Keeping every word the same, give again only the lines from the one with "a glass jar" through the end of the data, both included, and leave every picture out.

Given information:
Start of Block

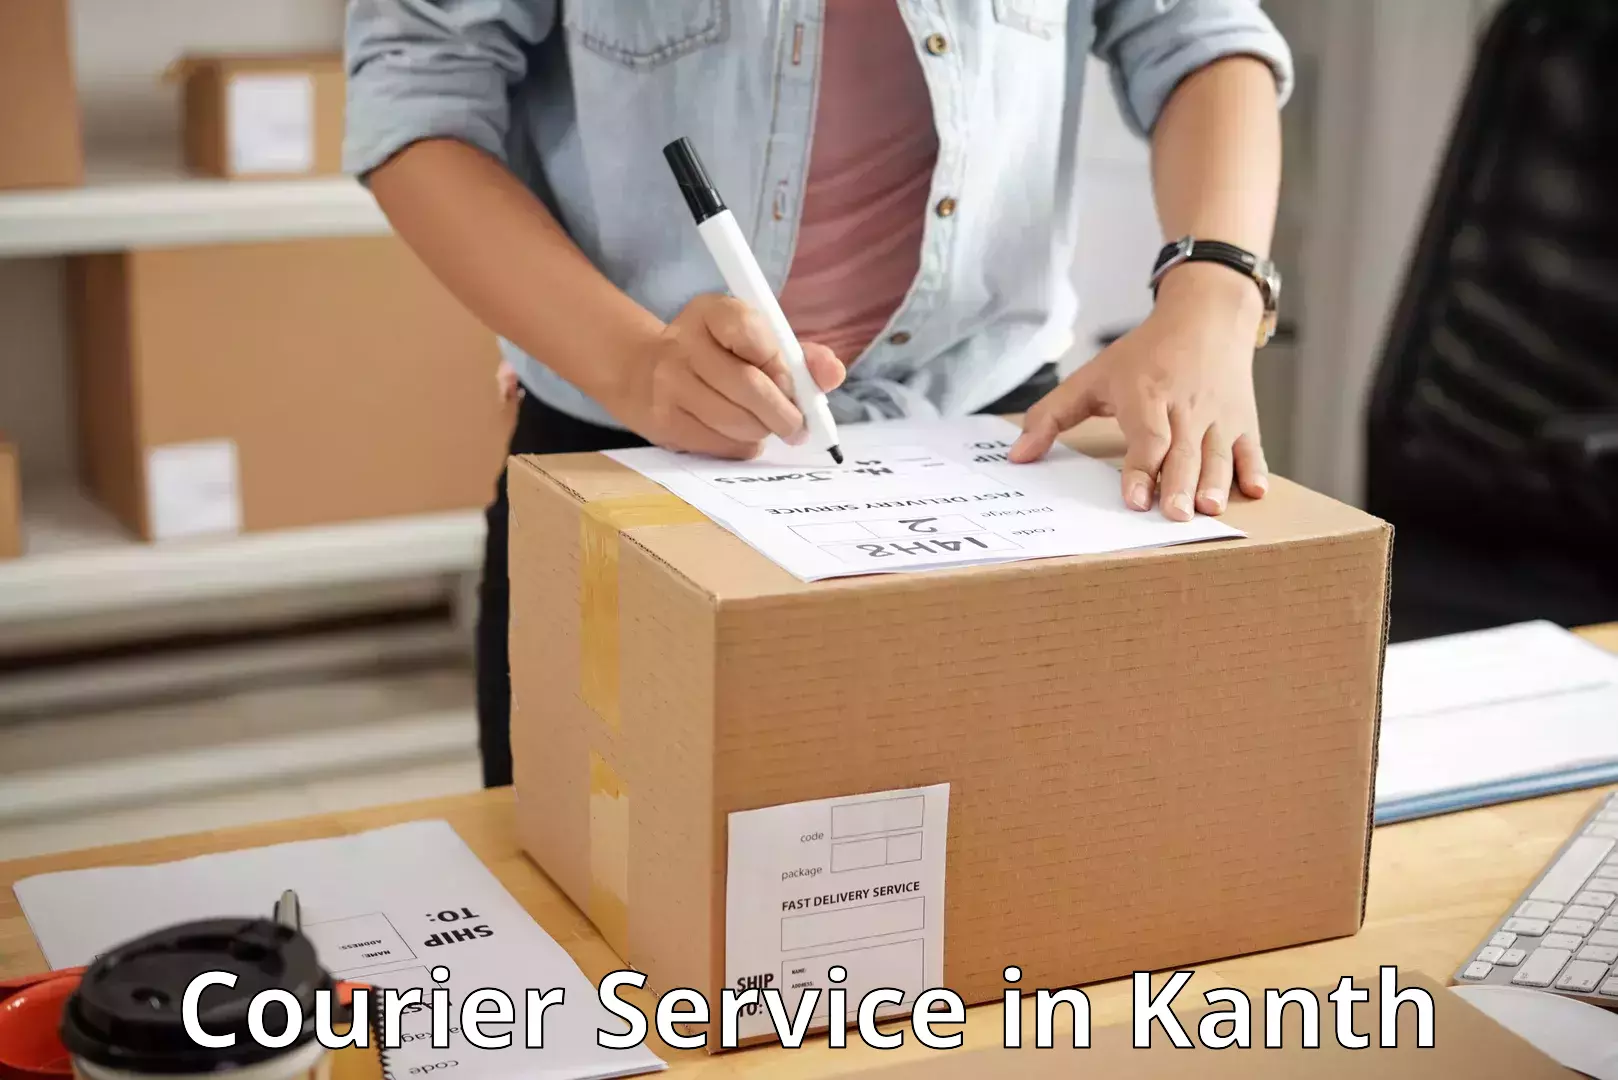 Round-the-clock parcel delivery in Kanth
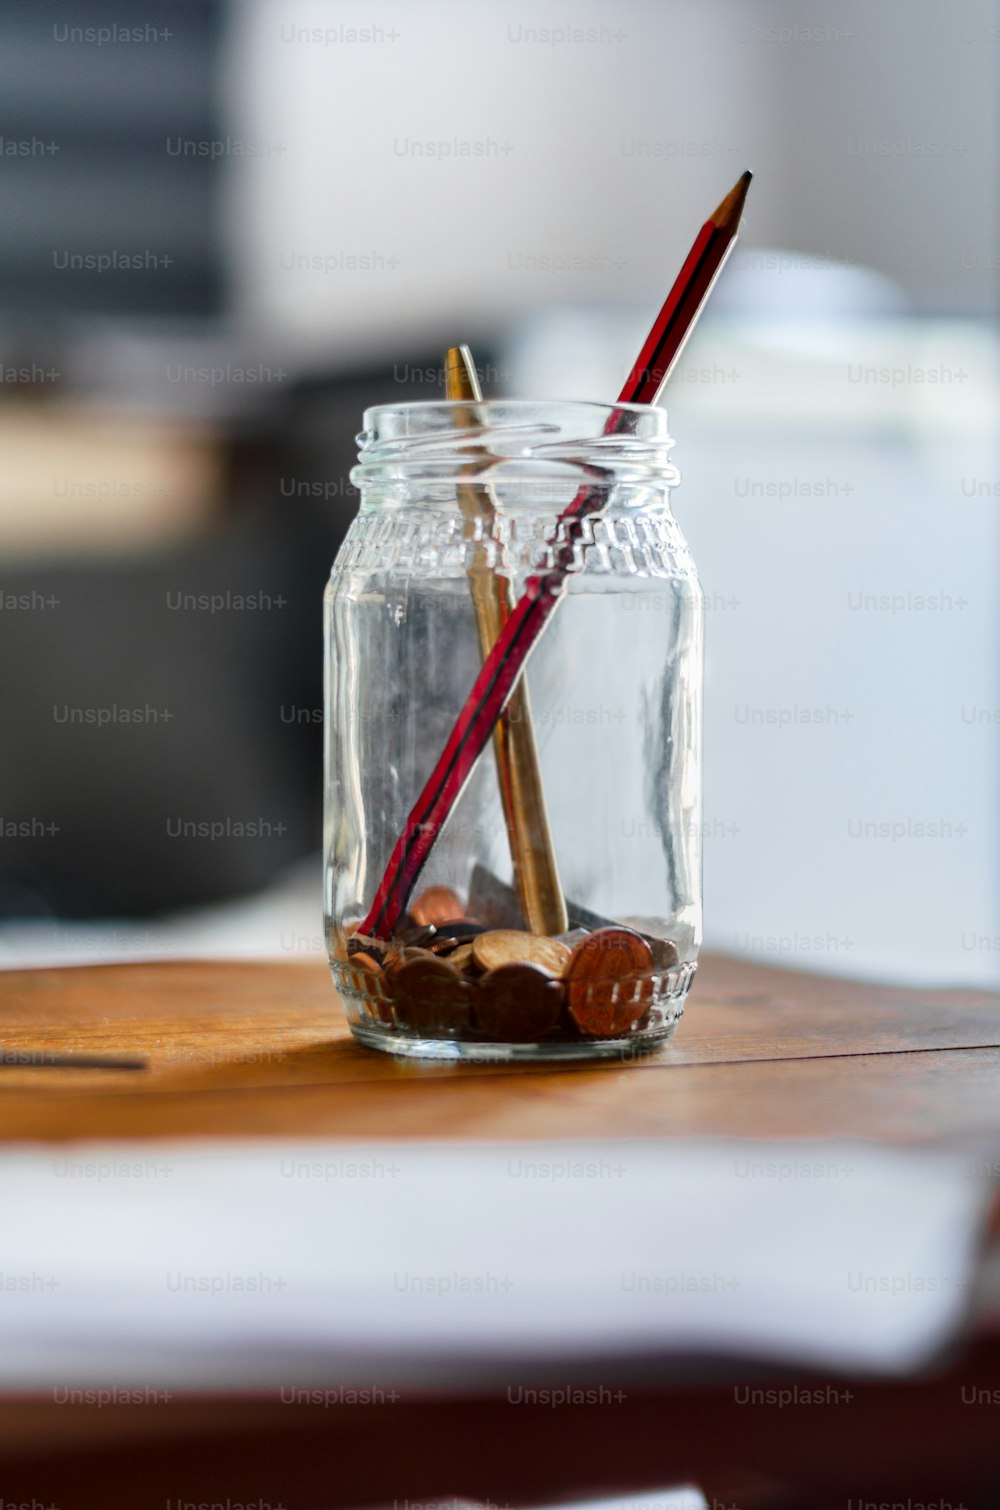 a glass jar with two red straws and a wooden spoon
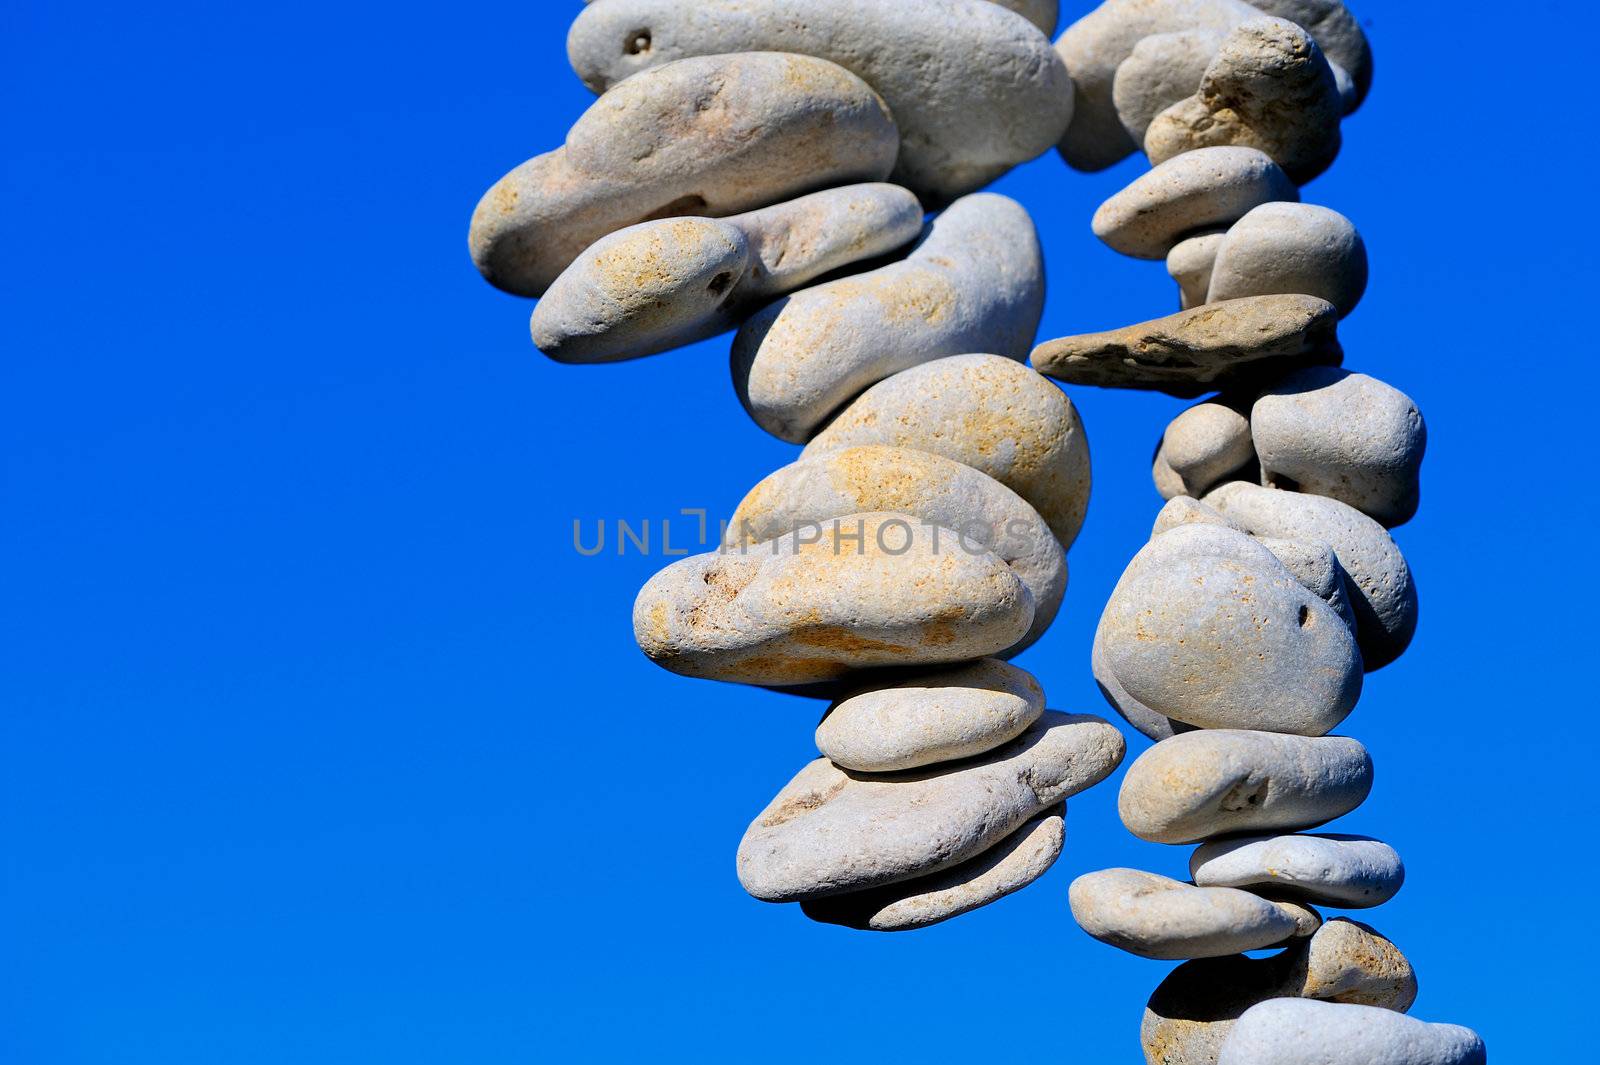 Sea pebbles hanging in the air of a blue sky

End of Block

Task result:
 a glass jar with two red straws and a wooden spoon
 Sea pebbles hanging in the air of a blue sky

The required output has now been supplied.